不是没有道理。我喀啦一声两腿一并,立正站好,向他行了个漂亮的英国式敬礼,就是几乎把整个手掌心翻向外面的那种敬礼方式。“遵命,长官!”我大吼。观众席传来一阵紧张的笑声,龙尼恶意地狂笑,舰长则露齿微笑。舰长对戴维耸耸肩,扬一扬眉毛,双手一摊,意思是:看吧,你是不是活该呀?

你表现得像个混蛋,其他人也就把你当混蛋。我心想,真正的能言善辩往往都不发一语。戴维看着舰长,同样哑口无言。然后他又看看我,他面无表情,几乎像死了一样,但是我当时还真恨不得自己不要那么自作聪明、冲动行事。

问题是,像我这种天生就爱自作聪明的人,十次中总有九次脑袋瓜还来不及启动,就已经凭着一时冲动而行事。我敢说,在骑士还很英勇的中古时代,一定有不止一位宫廷弄臣曾经被绑住胆子倒吊起来,《亚瑟王之死》中不会提到这件事,但是我相信这件事一定是真的——这个笑话听听就算了,你这他妈的小丑。

总而言之,我晓得我刚刚又多了一个敌人。戴维完美地向后转了一百八十度,跨大步走出交谊厅。龙尼把嘴一扯扮个鬼脸,他的丑脸看起来更丑了,好像舞台闹剧中的坏蛋斜睨的样子。他对着昂首阔步走出去的戴维比了个猥亵的手势,休轻笑了几声,但是其他人都没有笑。

斯托克利不见了,显然对我们这群人感到十分厌烦。龙尼环顾四周,眼睛发亮。“那么,”他说,“我还要继续玩牌,一个积分算五分钱,还有谁想玩?”“我要玩。”舰长说。“我也要玩。”我说,看也不看我的地质学课本。
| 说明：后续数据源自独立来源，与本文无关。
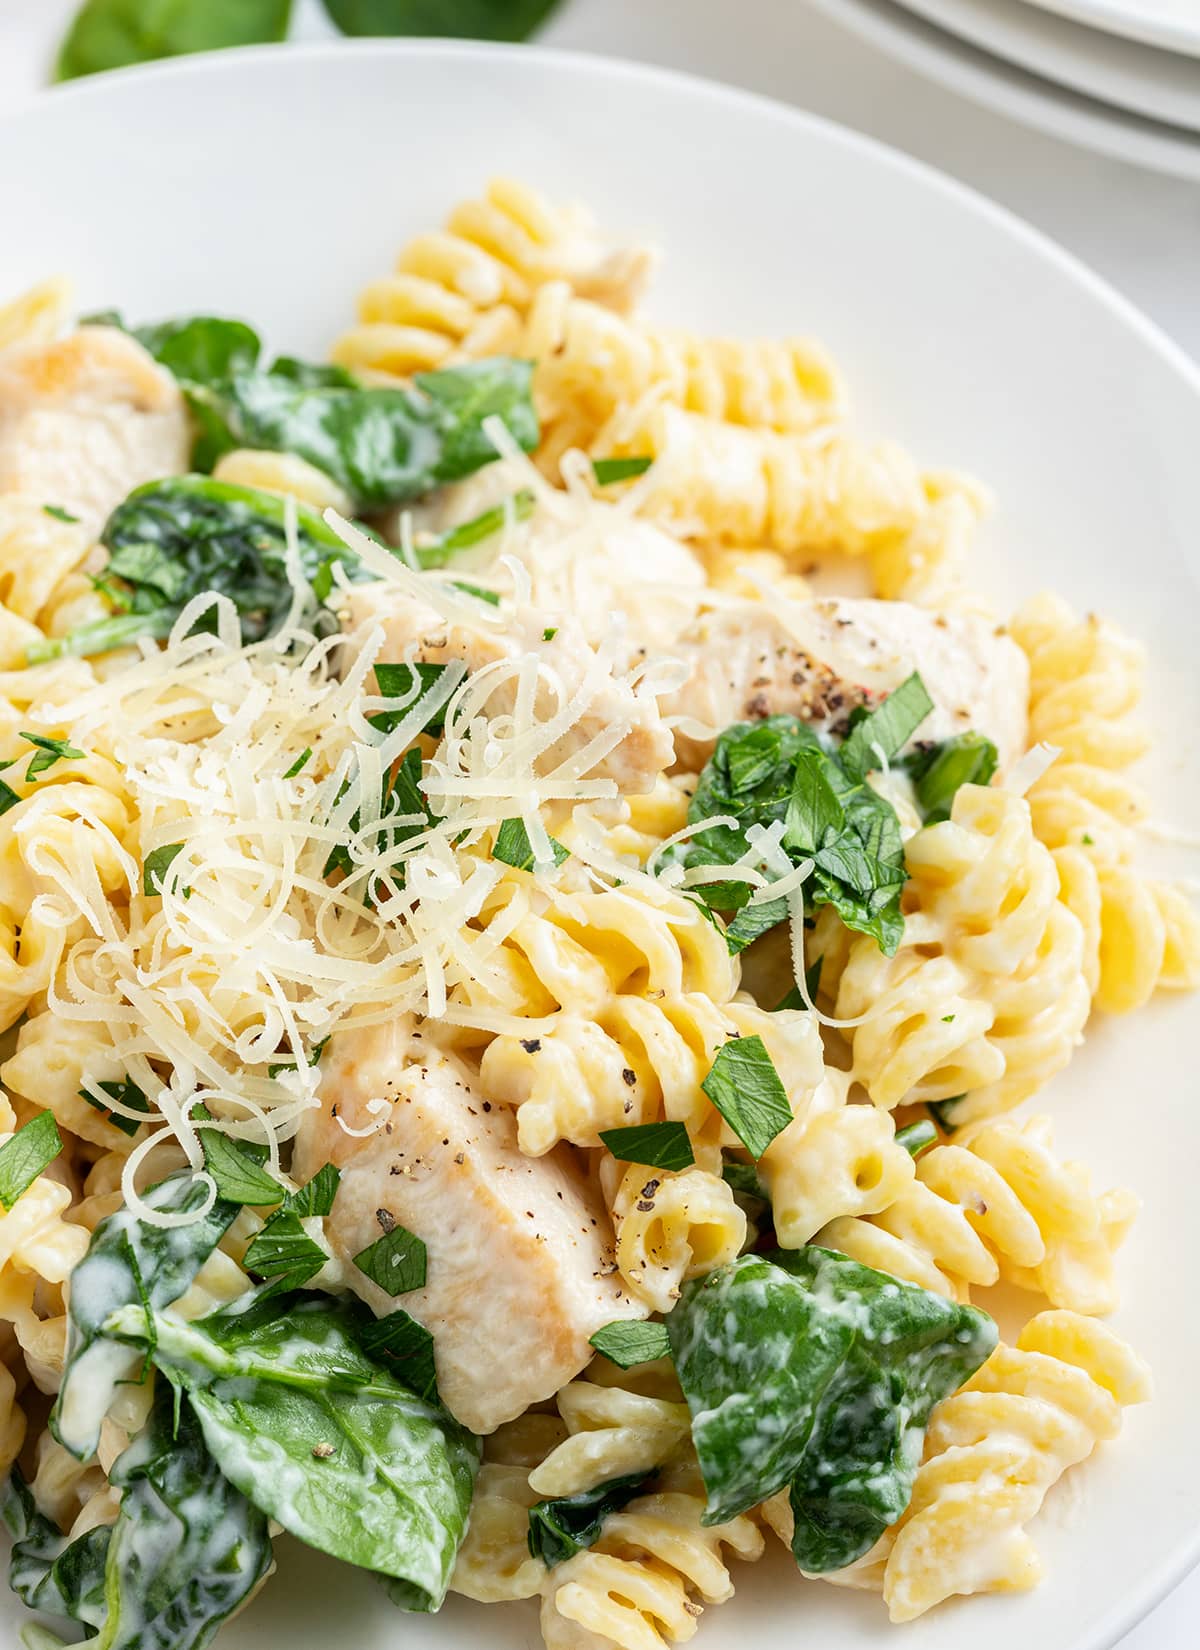 A plateful of creamy lemon chicken pasta with spinach, topped with freshly grated parmesan cheese.

“红心吗?”柯比问,他是三楼最高的男孩,或许也是全校最高的男孩——至少有两米,还有一张拉长的苦瓜脸。“当然要掺一脚,这个好玩。”“那我们呢?”阿什利尖声问。“是啊!”休说,仿佛等不及要被修理。“你们不够格上这张牌桌。

”龙尼说,说话的语气就他而言已经算十分仁慈了,“你们为什么不干脆自己另开一桌呢?”于是阿什利和休另开了一桌。不到四点钟,交谊厅里所有的牌桌都被四人一组的三楼新鲜人占满了,一群靠奖学金念大学的穷孩子,教科书全是在书店的二手书部门买的,现在却沉迷在一个积分算五分钱的红心牌戏中。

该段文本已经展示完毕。